What Père Lachaise is to Paris, Mirogoj is to Zagreb. A main cemetery where many important citizens lie in their eternal peace, together with untold hundreds of common folk from Zagreb. But Mirogoj is more then that. Its arcades, pavilions and tombs are like monuments to architecture, and make it an open-air art gallery. Its natural beauty also stays in the memory, as well as the history whispering from every corner of its huge stone walls. But let’s start from the beginning.

History and Art

Even at its very beginning, Mirogoj couldn’t have started without a historical figure. In this case, it was Ljudevit Gaj, a very influential linguist and journalist who lived in the 19th century. He was the leader of the so-called Illyrian Movement, which greatly developed Croatian literature and political maturity. He owned a mansion beneath Medvednica Mountain (a place where many legends and myths are waiting to be discovered). After his death, Zagreb rulers bought his estate in order to build a massive cemetery there.

 

The task of designing it was given to Austrian architect Hermann Bollé. He opted to surround the actual graves with arcades and pavilions. He also imagined Mirogoj’s ground plan as a reflection of 19th century Zagreb downtown, creating a “Town of the Dead”.

This sounded like a good idea, and work began in 1879. Five years later, Bollé was asked to design a morgue for Mirogoj. Two decades after that, he had to lay plans for constructing the chapel of Christ the King, the very heart of the entire cemetery.

Bollé’s Mirogoj was finished in 1929, as the last of his ideas left the drawing board and became architectural reality.  Its construction took half of the century to finish. That is not a small wonder, as its very entrance, interwoven with climbing plants, looks like a citadel welcoming those who enter.
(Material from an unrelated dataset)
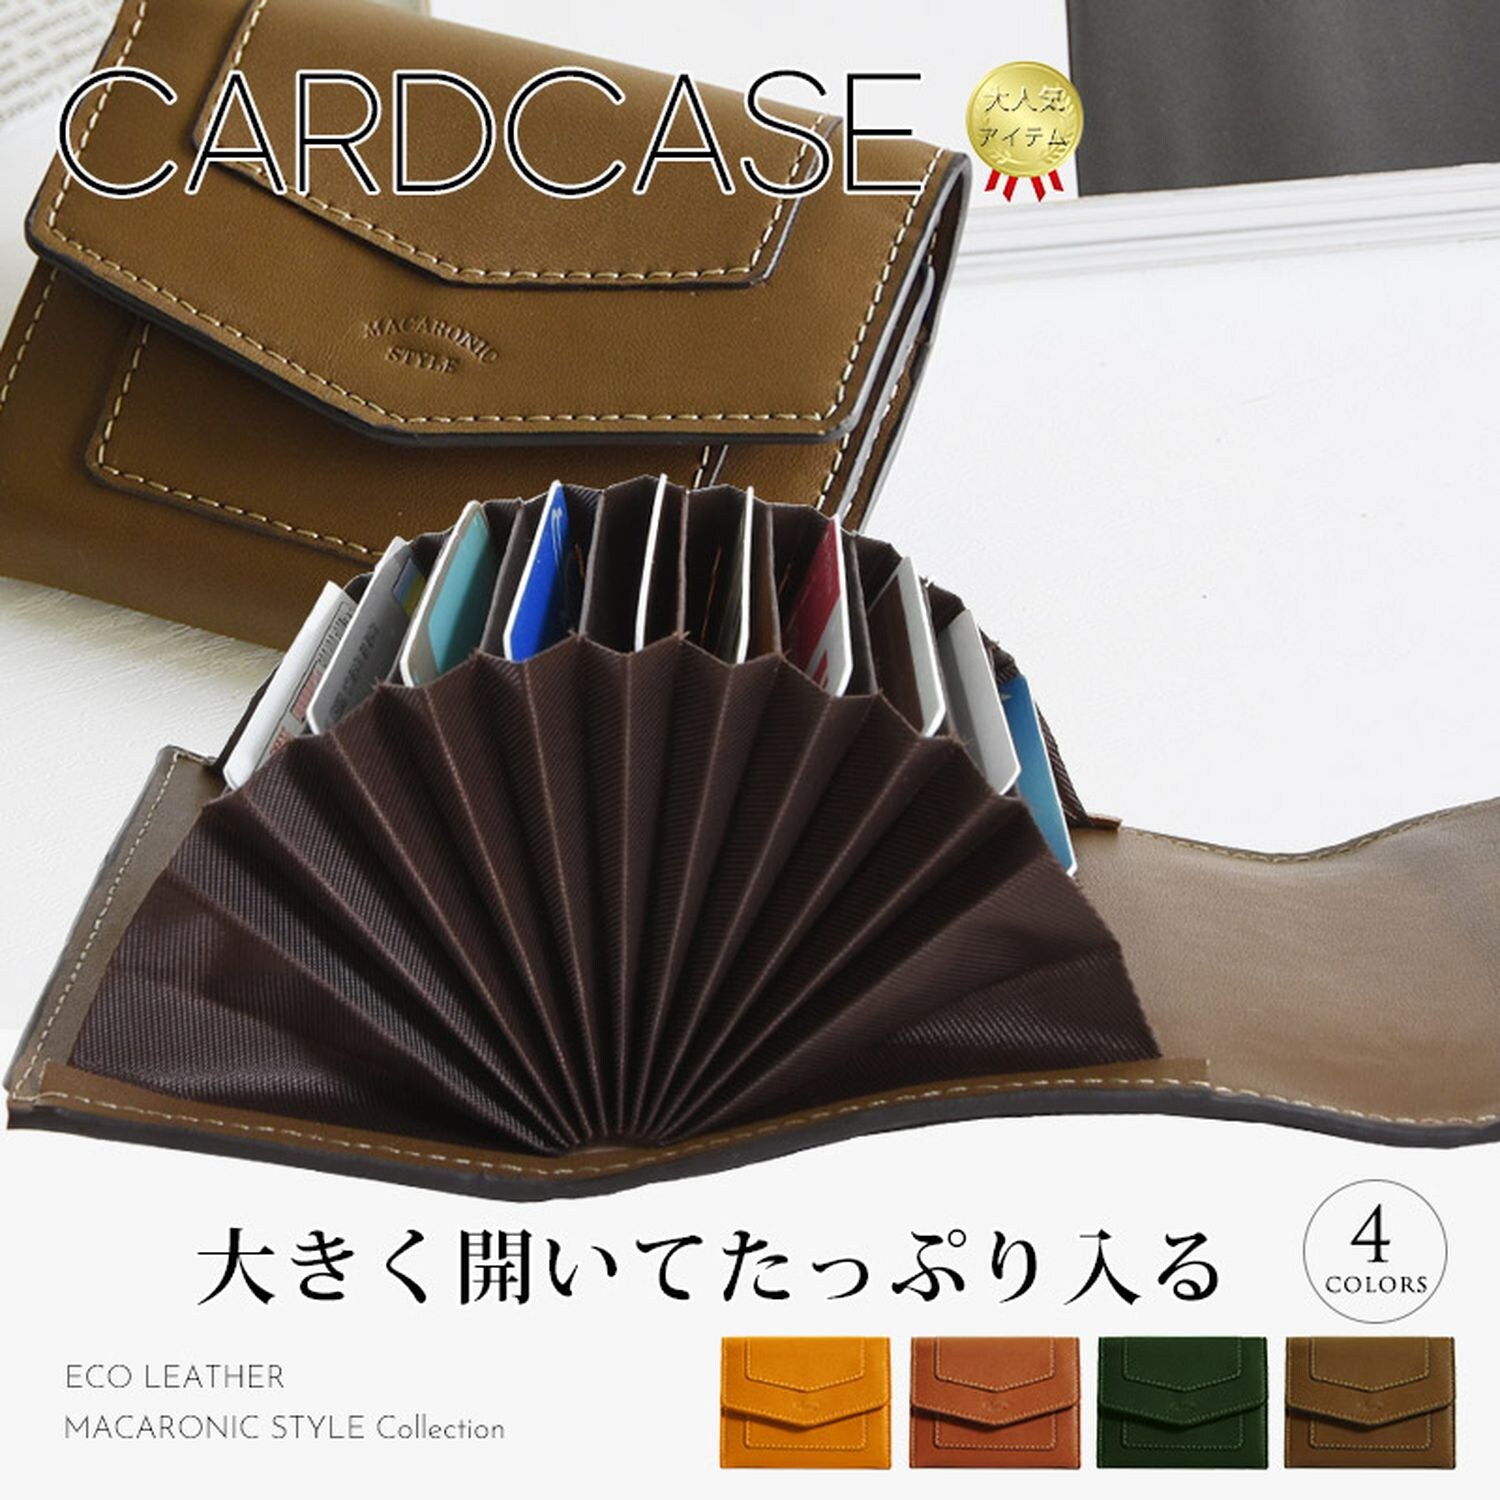 【マカロニックスタイル/MACARONIC STYLE】4色展開大きく開いてたっぷり入るカードケース

Additional work followed, of course, peaking with the construction of crematorium (the work of architects Hrzic, Krznaric and Mance) in 1984.

 

Many other artists gave their touch to Mirogoj’s looks. A walk through the cemetery’s lanes will lead you to sculptures by Ivan Mestrovic, Antun Augustincic, Dusan Damonja and Edo Murtic. Most of them were buried on Mirogoj as well. Which leads us to the next chapter in our story.

Artists and Politicians

It was a fair decision to bury Hermann Bollé on Mirogoj. After all, he designed the whole place. But apart from him, many other notable individuals found rest there. Here are some of them.

Marija Juric Zagorka

A distinctive Croatian female writer, Zagorka’s historical novels made her a celebrity in her own time. Her monument can be seen in popular Tkalciceva street.

Miroslav Krleza

A well-known Croatian playwright and writer. His works are often staged even in the western world.

Drazen Petrovic

A professional basketball player who entered the American NBA League in 1989. He played for the Portland Trail Blazers and New Jersey Nets.

Franjo Tudman

The first president of Croatia, Tudman played a leading role in the creation of Croatia as an independent state.

Edo Murtic

Croatian painter and graphic designer, known for his theatre scenographies.

Branko Gavella

Another man of the theater, Gavella founded the Croatian Academy of Dramatic Arts, and contributed to Croatian acting theory with his written works.

 

How to reach Mirogoj?

If you don’t feel like going by mass transit, taking a cab can be a good idea. Otherwise, reach Zagreb’s Cathedral and you will find a bus station (it is outdoors, so don’t expect a building). There, take a 106 or 226 until you arrive.  Also, if you wish to see Mirogoj in its full glory, visit around All Saints’ Day (1st November). This is because people in Zagreb visittheir family graves on that date, decorating them with flowers and candles.

To conclude, Mirogoj is a weird place. On the one hand, it is quiet and peaceful. On the other, it is artistic and monumental- just like every city, including that of the deceased, should be. Come and see it for yourself.